A constância da transitoriedade da vida


Panta hei, dizia Heráclito: tudo flui. Talvez ele mesmo não tivesse usado essas palavras, que seus admiradores e detratores se lhe referiam enquanto uma síntese do seu pensamento. Talvez não seja senão mais um daqueles casos em que se procura resumir a grandiosidade de um homem em poucas palavras, um resumo que quase nunca corresponde ao seu valor devido. A questão é que sendo a percepção de Heráclito sobre a transitoriedade das coisas desse mundo uma de suas grandes anunciações, é pouco honroso encerrá-lo como apóstolo do devir, ele que procurou mostrar que em meio à transitoriedade das coisas deve o homem ater-se ao mais importante: ao que seria a razão de ser de toda mudança e de todo fluxo, quer dizer, à 'razão'. Eis o ponto primordial da sabedoria de Heráclito: se tudo neste mundo é transitório e inconstante, atenha-se ao lógos, à razão de ser das coisas desse mundo, à razão de ser de nossa própria existência. Sua alma é capaz de lhe mostrar esse caminho, para evitar que nos percamos no vir a ser infindo, para nos fazer ver que é na razão que a vida humana pode chegar a se realizar com valor.

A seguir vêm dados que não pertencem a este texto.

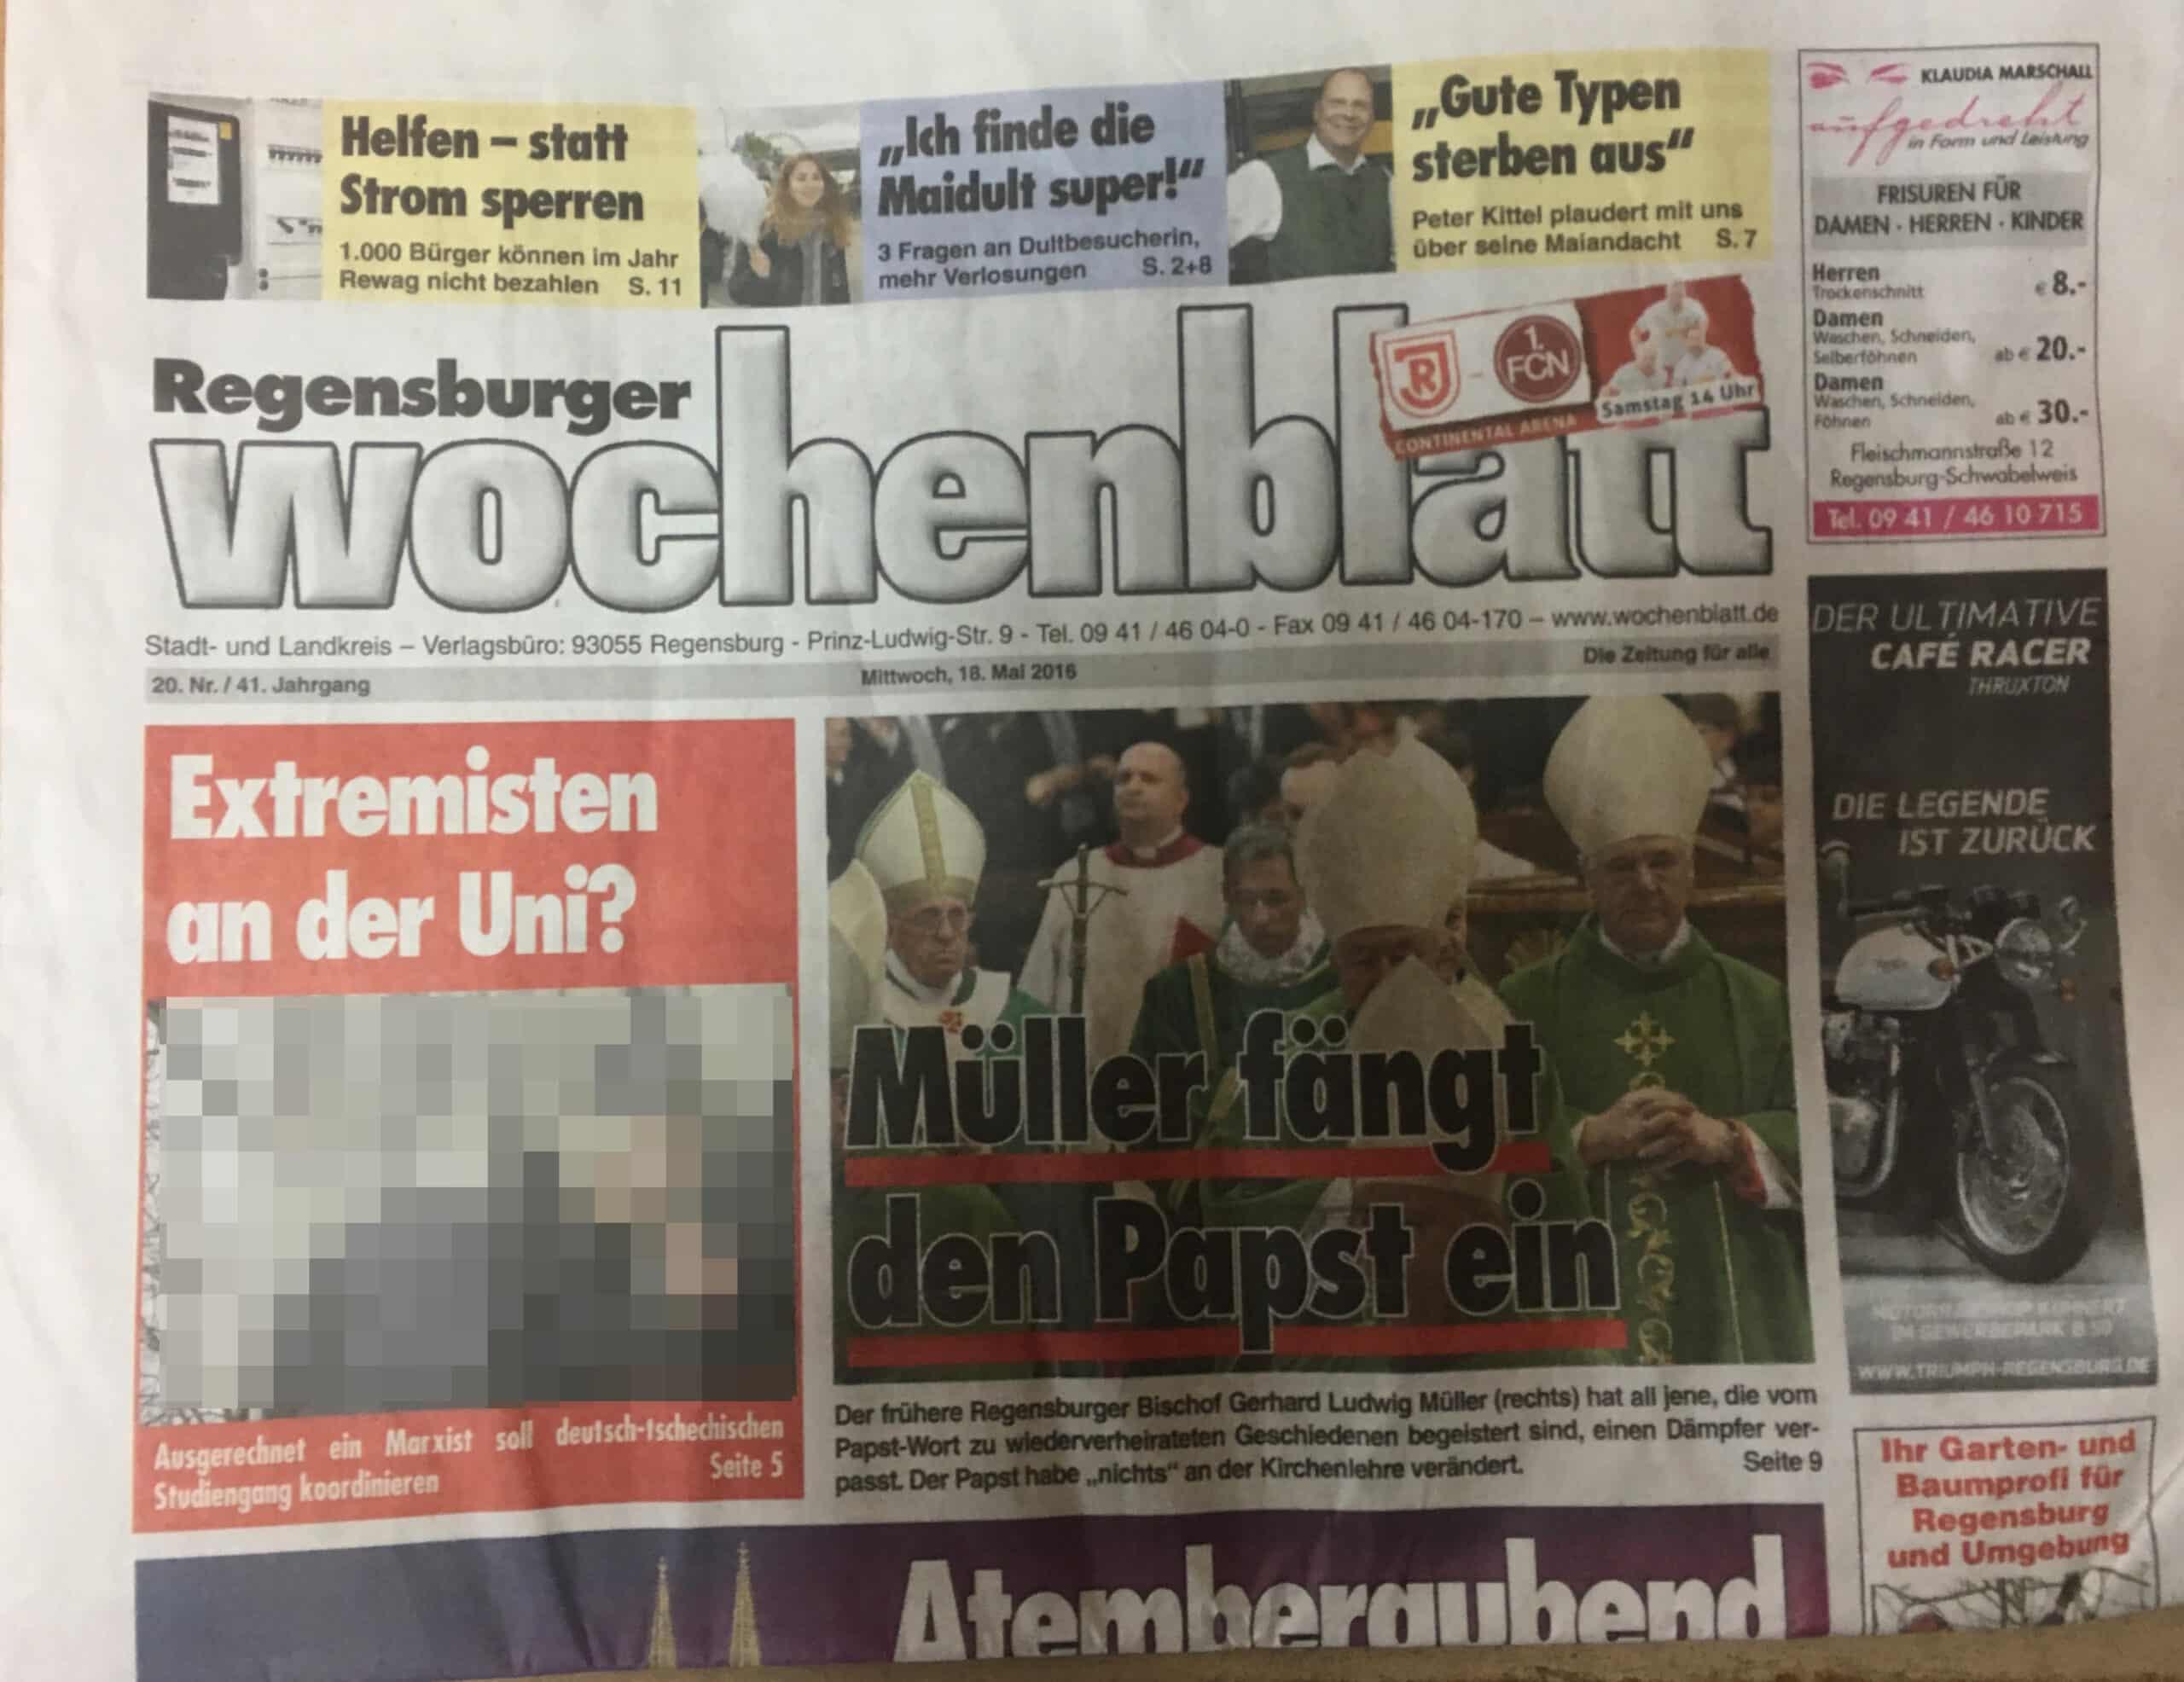 Wochenblatt De Regensburg

Deixar seguir o curso dos rios, que nunca é o mesmo, e com isso nunca ser o mesmo é naufragar em meio à inconstância do mundo, é caminhar sonâmbulo como se pudesse ver e ouvir as coisas como são, mas com isso perder-se em fragmentos, em instantes, em afluentes. Só aquele que ausculta o lógos está em vigília: sua vida não se perde, mas se encontra no que há de mais profundo - a constância de si.